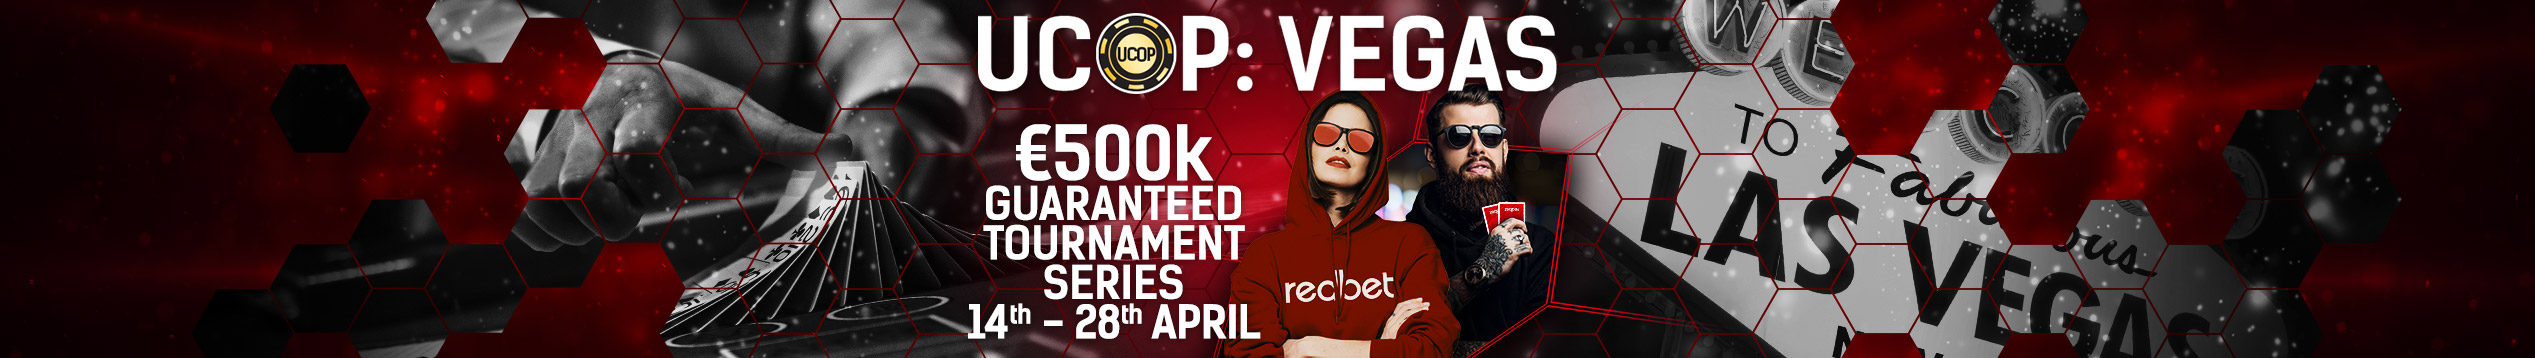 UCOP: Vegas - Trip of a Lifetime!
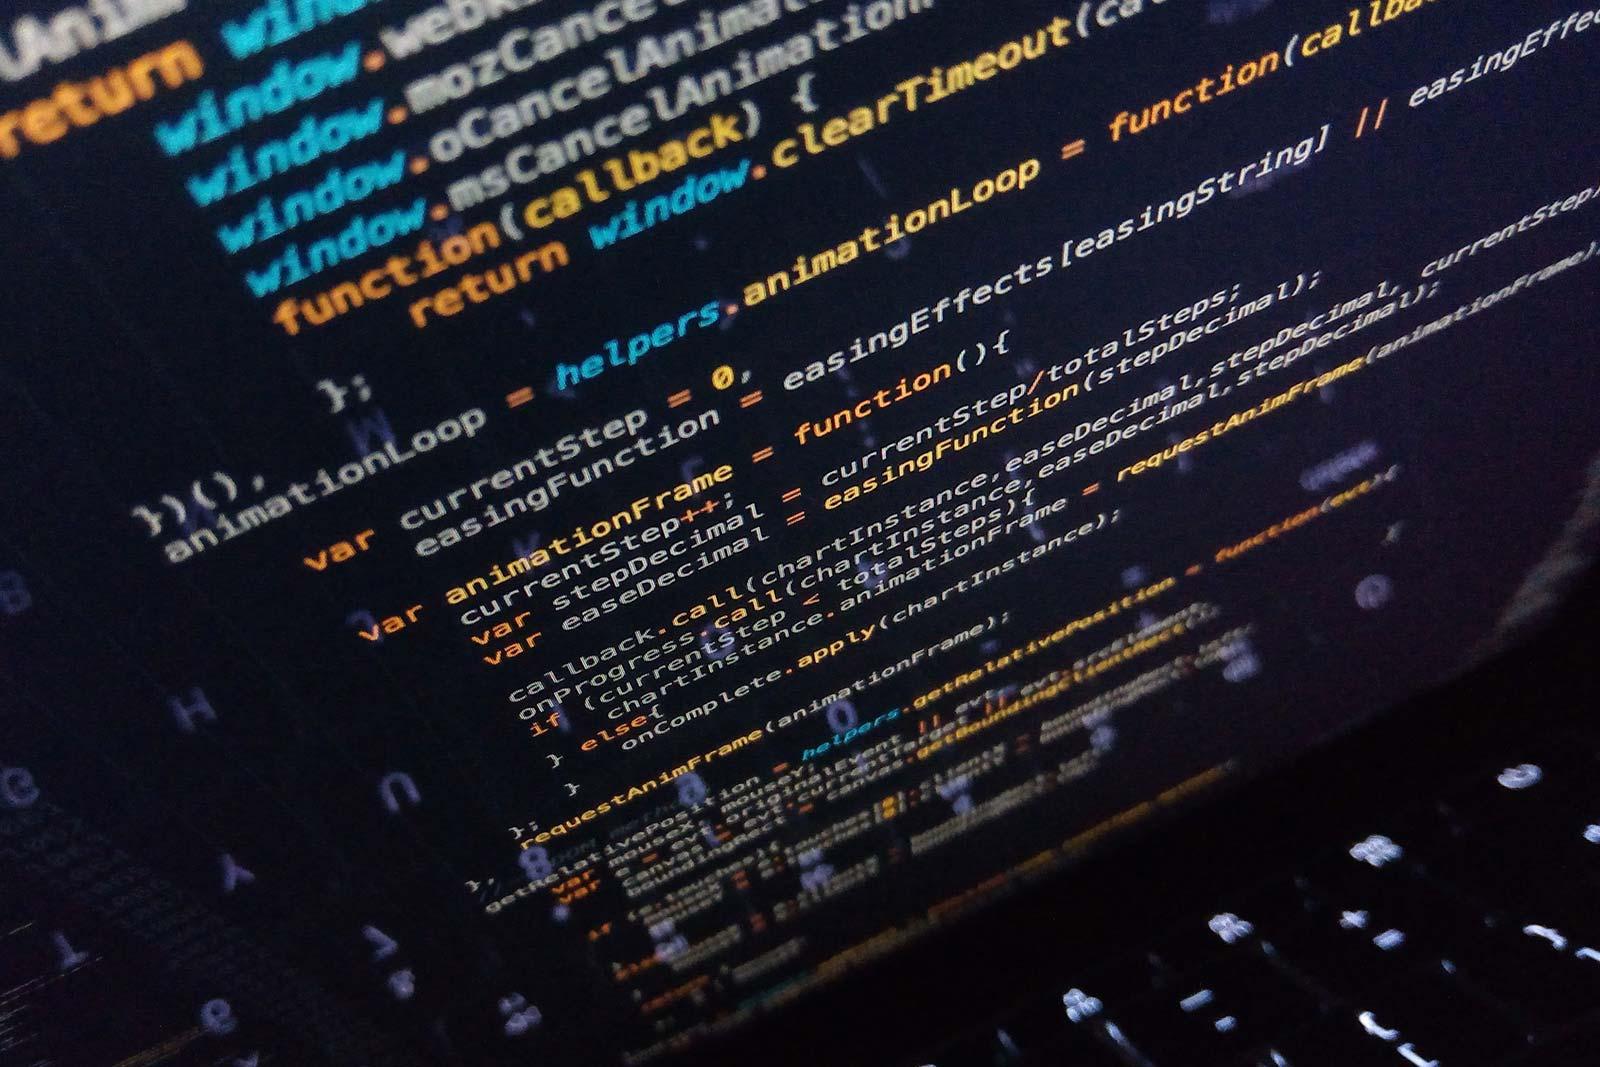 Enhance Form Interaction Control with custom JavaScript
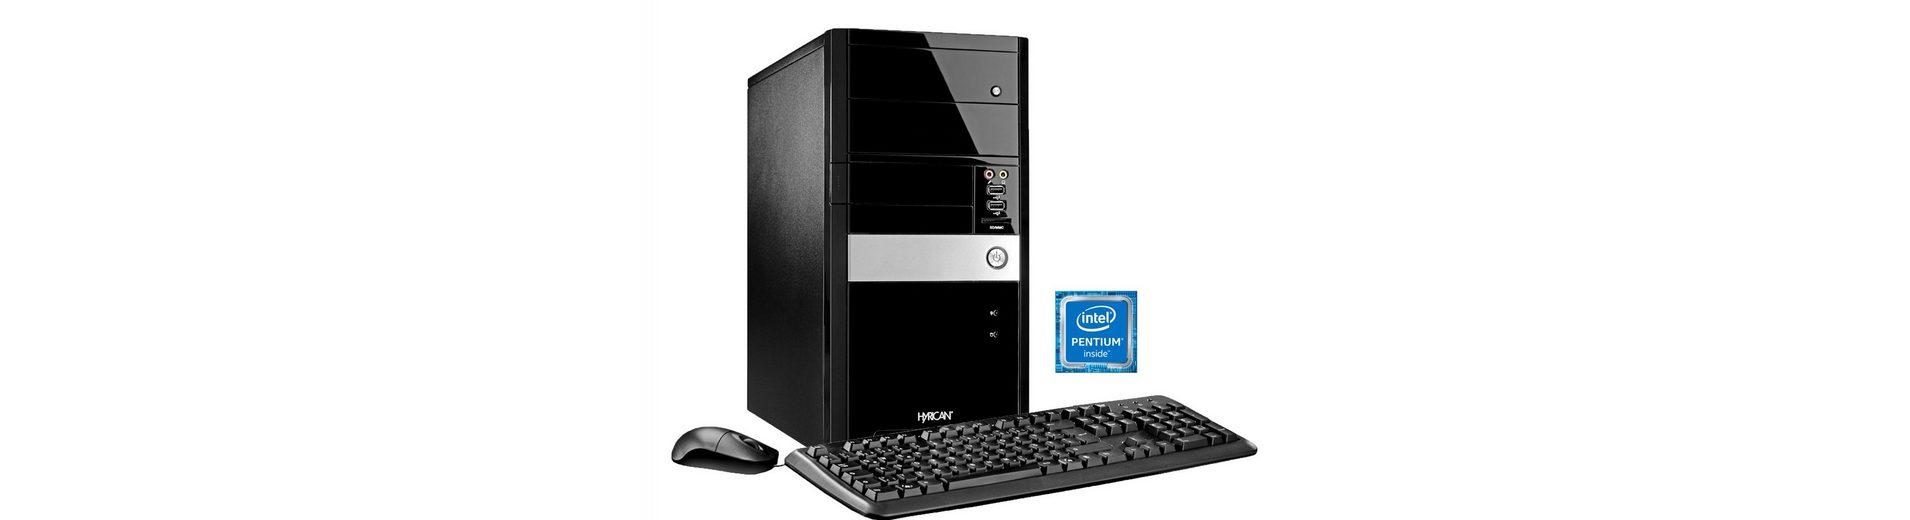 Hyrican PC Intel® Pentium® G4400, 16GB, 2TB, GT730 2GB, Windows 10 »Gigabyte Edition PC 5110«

WHAT TO PRODUCE: Transcribe the whole listing above exactly and leave out the pictures.

RESPONSE AREA:
 UCOP: Vegas - Trip of a Lifetime!
 Enhance Form Interaction Control with custom JavaScript
 Hyrican PC Intel® Pentium® G4400, 16GB, 2TB, GT730 2GB, Windows 10 »Gigabyte Edition PC 5110«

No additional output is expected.